Сегодня каждый дурак знает, как должен выглядеть «русский Чехов», но все с трудом себе представляют, что же такое «русский Софокл». «Русский Беккет» – звучит и то понятнее.

Опыт Таирова с его гениальной «Федрой» Расина до сих пор выглядит опытом сугубо личным и экзотическим. Как и современные эксперименты – Юрия Любимова («Электра», «Медея», «Антигона»), Алексея Левинского («Царь Эдип»), Анатолия Васильева («Медея. Материал», «Илиада. Песнь двадцать третья»). Хотя именно Васильев с его идеей и техникой мистериального театра мог бы, наверное, дать русской сцене  урок новой античности.

Не удивлюсь, если мои современники твердо убеждены, что античный сюжет первыми принесли на русскую сцену в 1990-х годах немец Петер Штайн, грек Теодорас Терзопулос и японец Тадаши Сузуки. Хотя в каком-то смысле новым всплеском интереса к античности мы обязаны, действительно, им. И очередной смуте.

От «Орестеи» Штайна до «Орестеи» Вайля

Восьмичасовая «Орестея» П. Штайна, сыгранная в 1994 году на сцене Театра Советской Армии стала театральным событием и продемонстрировала Москве европейский размах античного зрелища. Тогда это было в новинку, и восприняли это неоднозначно.
Еще в 1974 году Штайн частным образом приезжал в Россию, пробыл здесь полтора месяца, четыре раза попадал в милицию и потом признавался, что эта поездка далась ему труднее, чем переход через Сахару. В 1975 году Галина Волчек, посмотрев его «Дачников», пригласила Штайна поставить в «Современнике» «что-нибудь», на что тот гордо ответил: «Я не могу работать в стране, где не имею возможности открыто высказать свое мнение». Новой России он наивно поверил. Впервые поставив «Орестею» в Германии в 1980-м, московский спектакль он задумал еще в 1989-м. Задумал в одной стране, а осуществил в другой. Полное приключений рождение московской «Орестеи» и то упорство, с каким Штайн на ней настаивал, свидетельствуют о том, как важна была ему эта затея.

(Министр обороны Язов, у которого следовало просить разрешения играть на сцене ЦАТСА, был категорически против этой идеи. И свободная пресса, в общем, еще до всяких путчей ославила министра, с удовольствием процитировав его «мо» о том, что во вверенном ему театре не будет «какой-то немец ставить какого-то грека». Министра уламывали руководители театральных союзов – Кирилл Лавров, Олег Ефремов, Валерий Шадрин.

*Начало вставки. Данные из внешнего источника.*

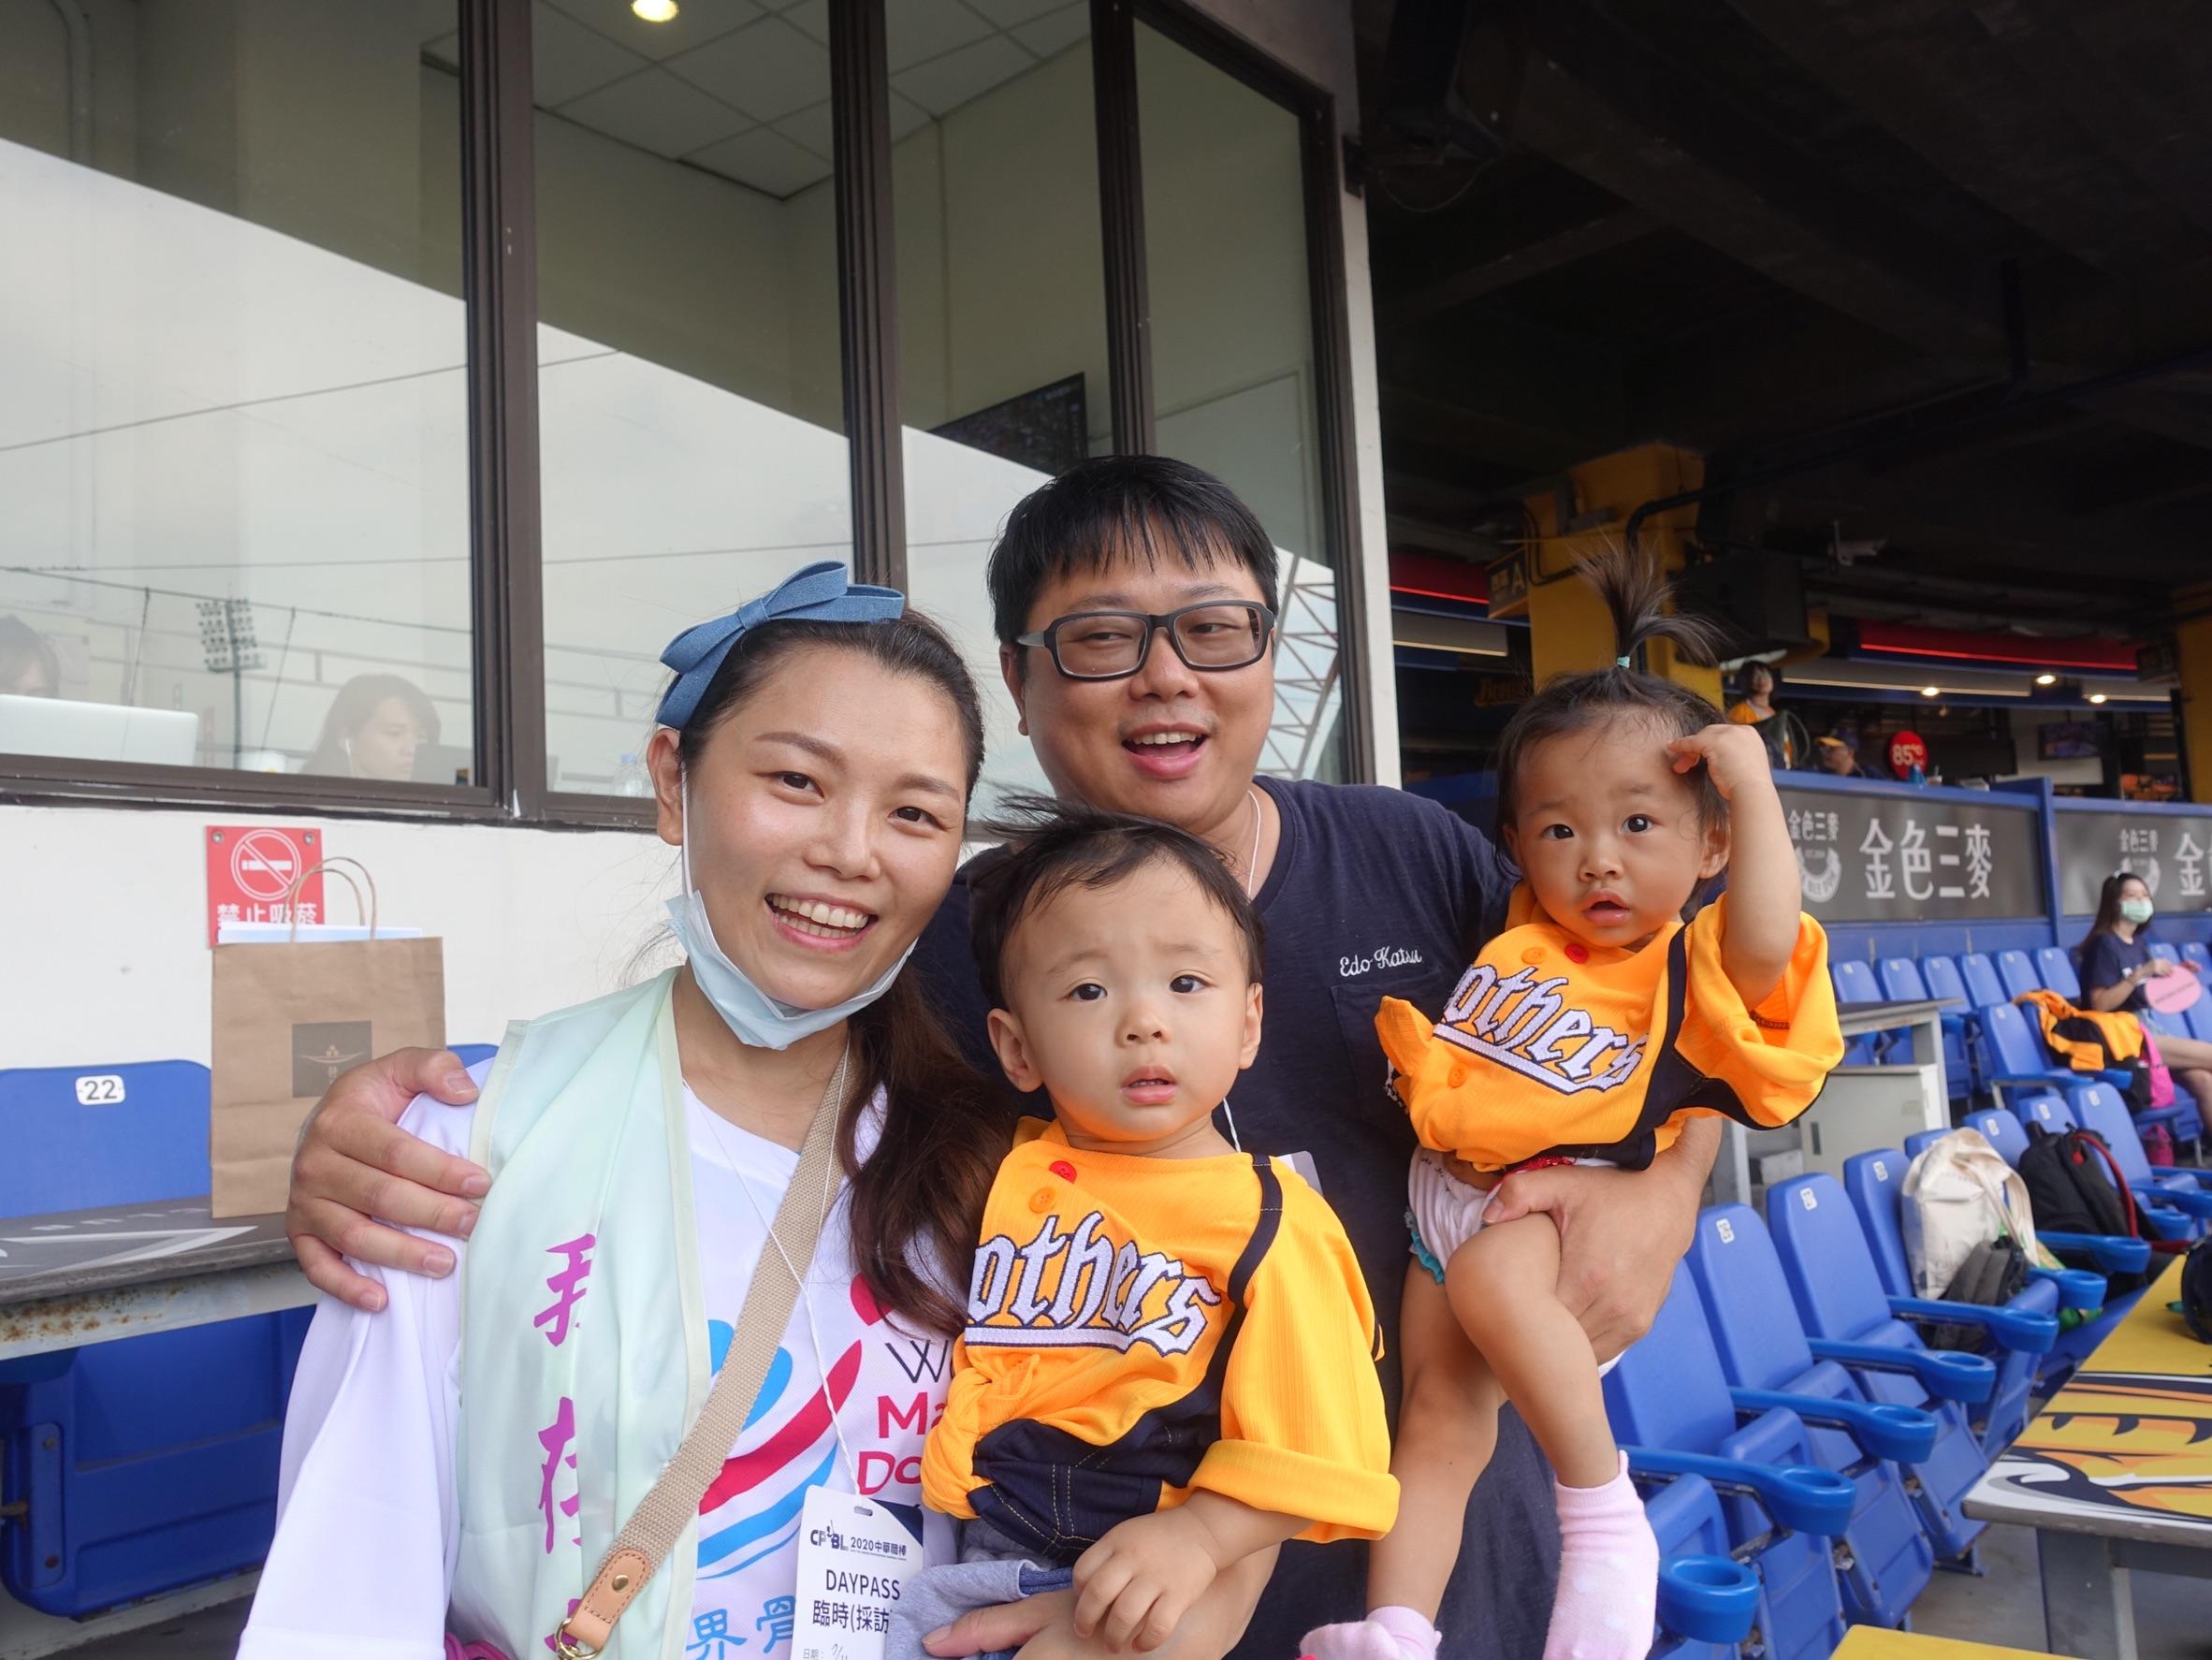 李亞倪(左)與先生帶著1歲多的龍鳳胎前來台中洲際棒球場,以自己恢復健康的經驗鼓勵病友。
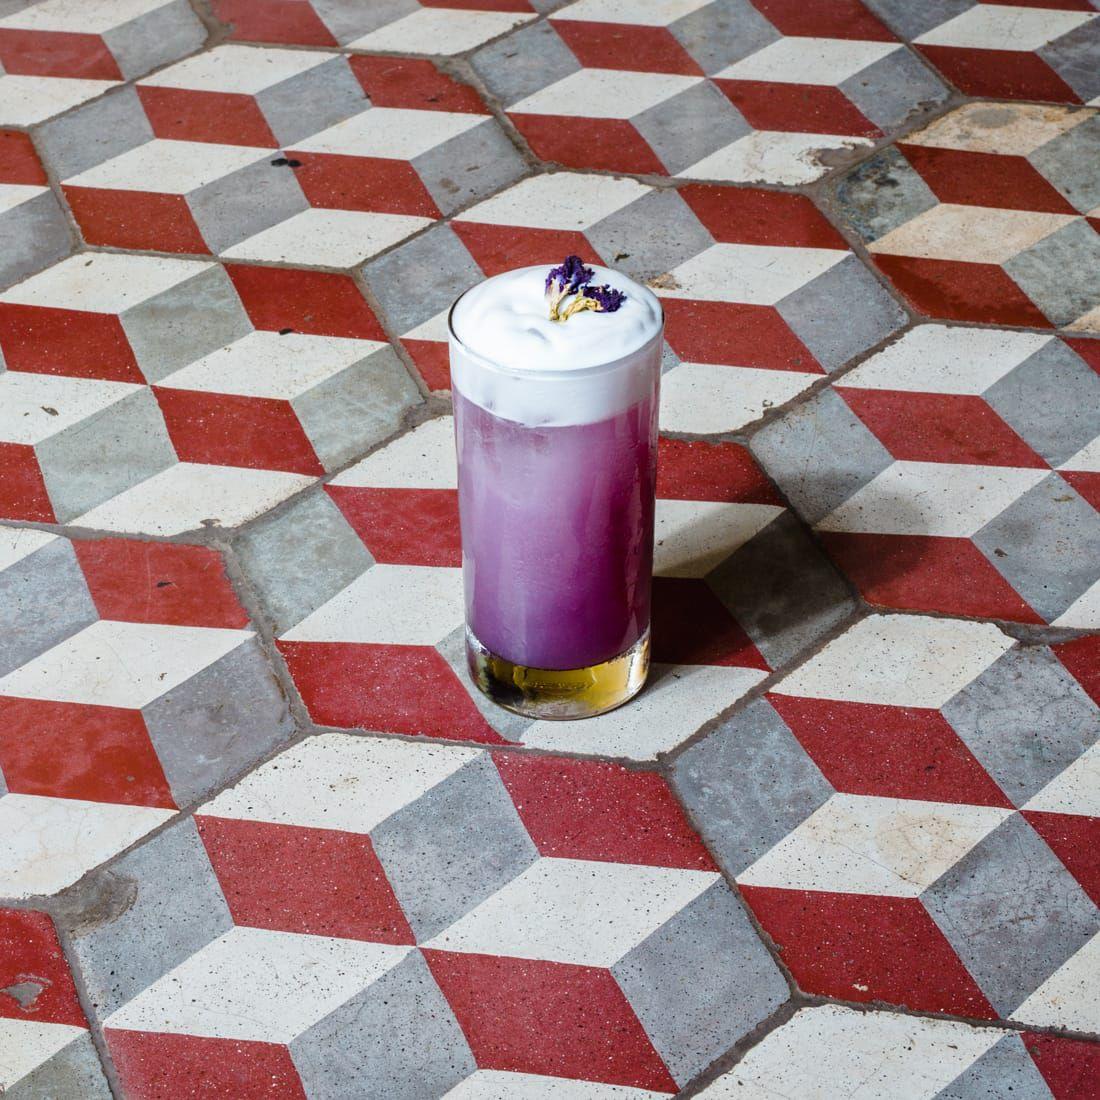 La coctelería es uno de los puntos más fuertes de la apuesta de Bandra. El reto estaba en crear una propuesta de autor que sirva como maridaje para los sabores de la India. En foto, coctel Gulab Jamun, con gin, lavanda, tés y soda.

Леонид Хейфец даже подавал в отставку, как главный режиссер «негостеприимного» театра. Уломали, наконец, власть знаменитые актрисы, Людмила Чурсина, Лариса Голубкина и Алина Покровская. В итоге Штайн приехал в Москву 3 октября 1993 года, аккурат к началу путча. Но к репетициям 5 октября все равно приступил. Премьера «Орестеи» состоялась 29 января 1994 года, в день, когда умер Евгений Леонов. Все это – обстоятельства, достойные «античного сюжета».)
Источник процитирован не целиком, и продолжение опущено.